Abstract
Introduction
Previous meta-analyses of methylprednisolone for patients with acute traumatic spinal cord injuries (TSCIs) have not addressed confidence in pooled effect estimates and new primary studies have been recently published. We performed a systematic review and meta-analysis to determine whether methylprednisolone improves motor recovery and is associated with increased risks for adverse events.
Material and Methods
We searched MEDLINE, EMBASE, and The Cochrane Library for eligible randomized controlled trials (RCTs) and controlled observational studies. Two reviewers independently screened articles, extracted data, and evaluated risk of bias. We pooled outcomes from RCTs and controlled observational studies separately using random effects models. We quantified heterogeneity using the chi-squared test and the I-squared statistic, and we pre-specified subgroup hypotheses to explain potential high heterogeneity. We used the Grades of Recommendation, Assessment, Development, and Evaluation (GRADE) approach to evaluate confidence.
Results
We included four RCTs and 17 observational studies. Methylprednisolone did not increase long-term motor score recovery (two RCTs: 335 participants, mean difference [MD] -1.11, 95% CI -4.75 to 2.53, p = 0.55, low certainty; two observational studies: 528 participants, MD 1.37, 95% CI -3.08 to 5.83, p = 0.55, very low certainty) or improvement by at least one motor grade (three observational studies: 383 participants, risk ratio [RR] 0.84, 95% CI 0.53 to 1.33, p = 0.46, very low certainty).
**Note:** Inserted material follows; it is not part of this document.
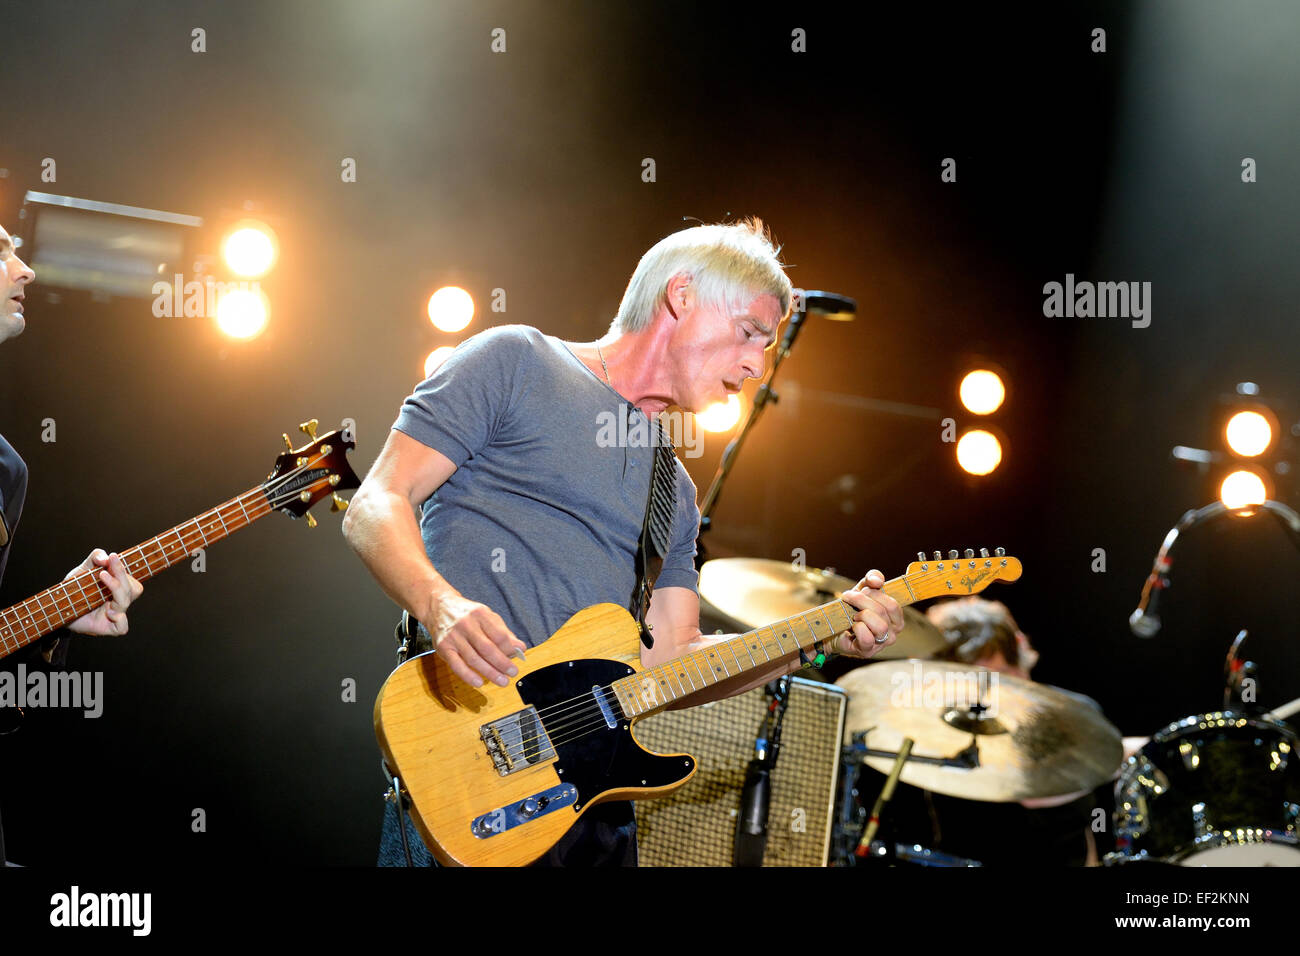 BENICASSIM, Spanien - 18 Juli: Paul Weller (britischer Sänger, Songwriter und Musiker) führt bei FIB Festival. Stockfoto

Evidence from two RCTs demonstrated superior short-term motor score improvement if methylprednisolone was administered within eight hours of injury (two RCTs: 250 participants; MD 4.46, 95% CI 0.97 to 7.94, p = 0.01; low certainty), but risk of bias and imprecision limit confidence in these findings. Observational studies demonstrated a significantly increased risk for gastrointestinal bleeding (eight studies: 2727 participants, RR 2.53; 95% CI 1.48 to 4.32; p < 0.01, very low certainty), but RCTs did not. Risks for other adverse events were not significantly increased.
Conclusion
Methylprednisolone does not provide significant long-term benefit to patients with acute TSCIs and may be associated with increased gastrointestinal bleeding. These findings support current guidelines against routine use, but strong recommendations are not warranted because confidence in the effect estimates is limited. This meta-analysis advances current understanding because it includes recent studies not pooled previously and it is the first to consider confidence in the pooled effect estimates. Further research could increase confidence and clarify the influence of potential confounders or effect modifiers.